11 novembre 2018 0 Di redazione

“Eri una figlia da sogno, la perfezione assoluta”. Il dolore del papà di Lucy affidato a queste parole pubblicate in un post su Facebook

“Lucy, quando sei nata quasi 11 anni fa, io e la mamma abbiamo scelto il tuo nome, sapendo che il significato era luce. La tua luce è sempre stata molto luminosa, tesoro mio”. Inizia così la straziante lettera che un padre dedica alla figlia, morta a 11 anni per un tumore cerebrale incurabile. L’uomo scrive su Facebook il suo dolore, raccontando che solo 6 anni prima, anche la madre della piccola era stata portata via dallo stesso male.

“Ho assistito tua madre e tua sorella Ruby (morta a poche ore dalla nascita, ndr) esalare i loro ultimi respiri di vita”, racconta l’uomo, “ma è stato traumatico ancora una volta fare lo stesso, anche se ero a conoscenza del fatto che sarebbe andata così già 16 mesi prima”. Parole strazianti che questo padre pronuncia con coraggio: “Ma per quanto sia stata dolorosa questa esperienza, non avrei scelto di essere da nessuna altra parte senza la mia splendida bambina. Eri una figlia da sogno, la perfezione assoluta. Eri buona come l’oro, così premurosa, bellissima e con il cuore più puro. Devi averlo preso dalla tua mamma”.
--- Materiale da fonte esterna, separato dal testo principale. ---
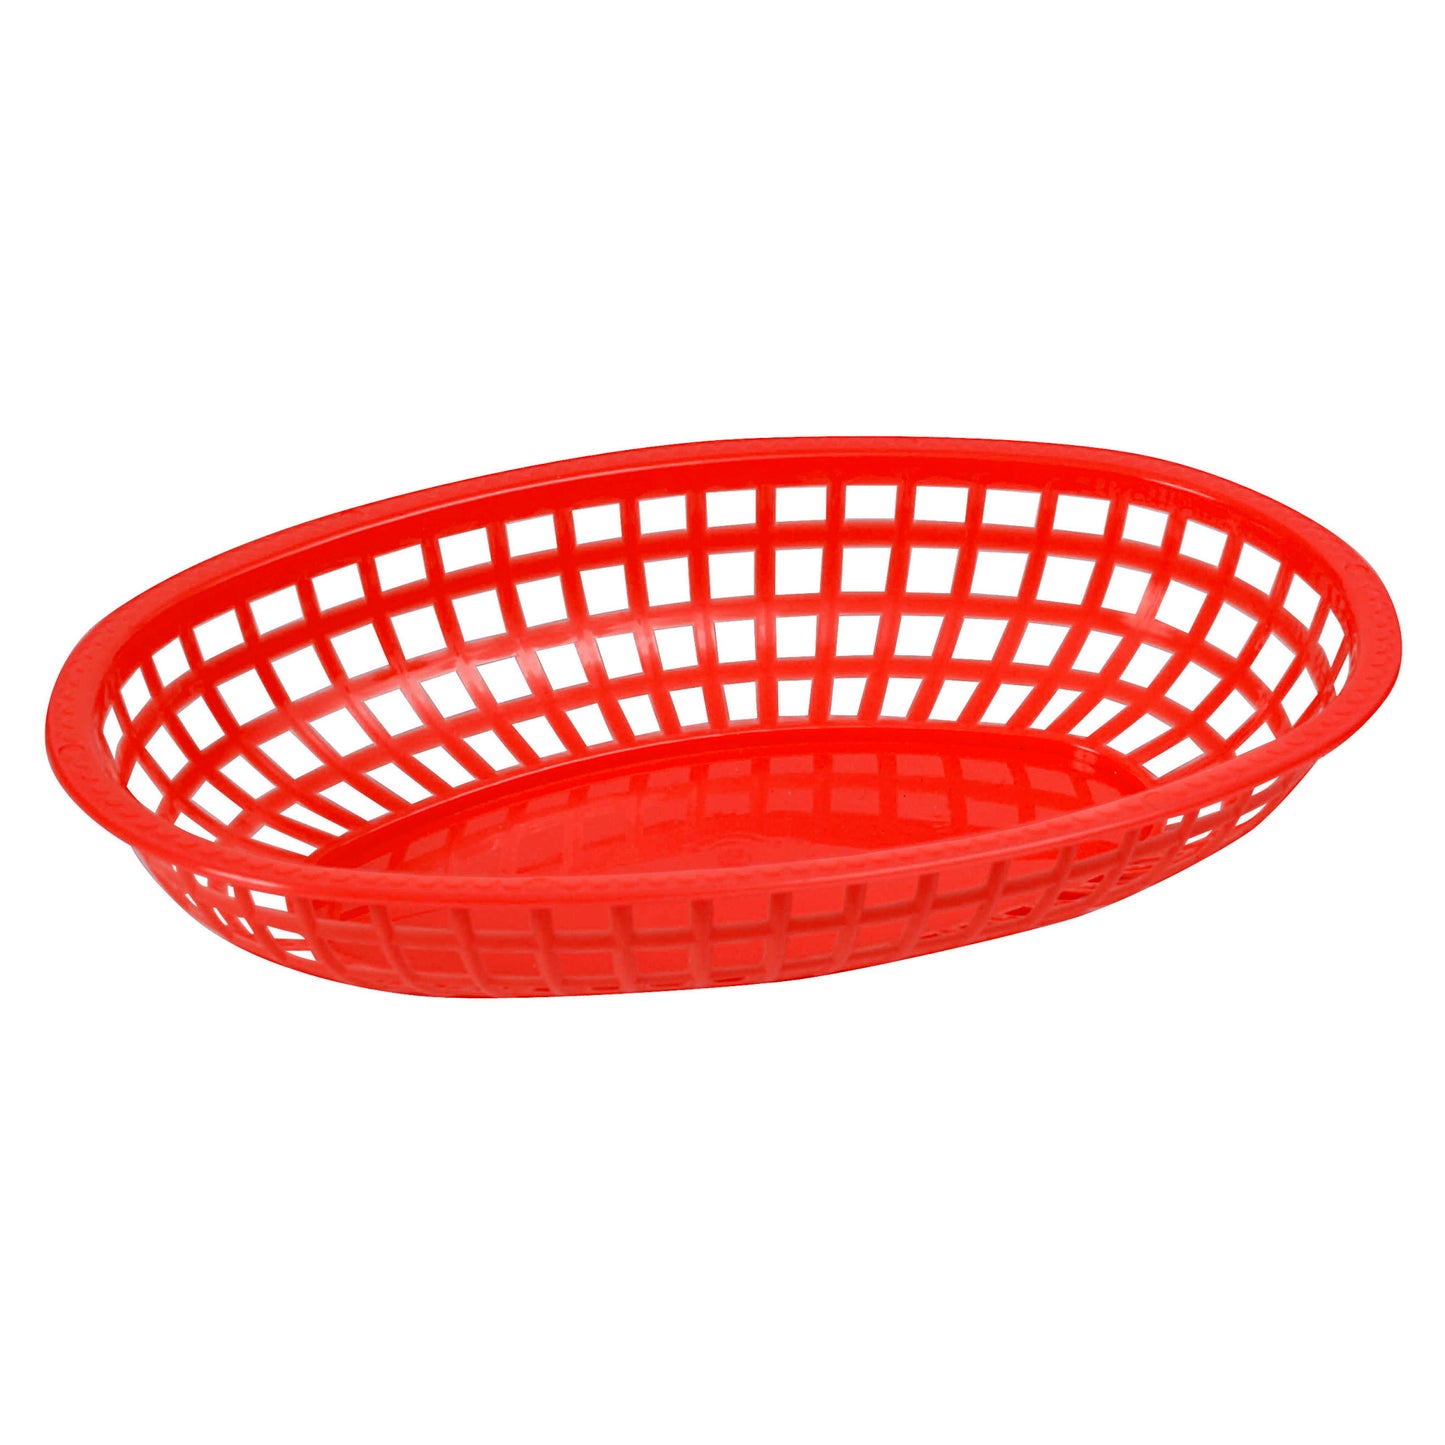 POB-R - Oval Fast Food Basket, 10-1/4" x 6-3/4" x 2" - Red

“Non ti sei mai lamentata di nulla durante il tuo trattamento e mi hai stupito con la tua forza, il tuo coraggio e la tua grazia. Eri bella dentro e fuori, e mi mancherà il tuo sorriso raggiante, il tuo fantastico senso dell’umorismo e la tua anima sensibile perfetta. Il mondo è un posto molto peggiore senza di te e spero che mamma e Ruby si stiano prendendo cura di te ora”.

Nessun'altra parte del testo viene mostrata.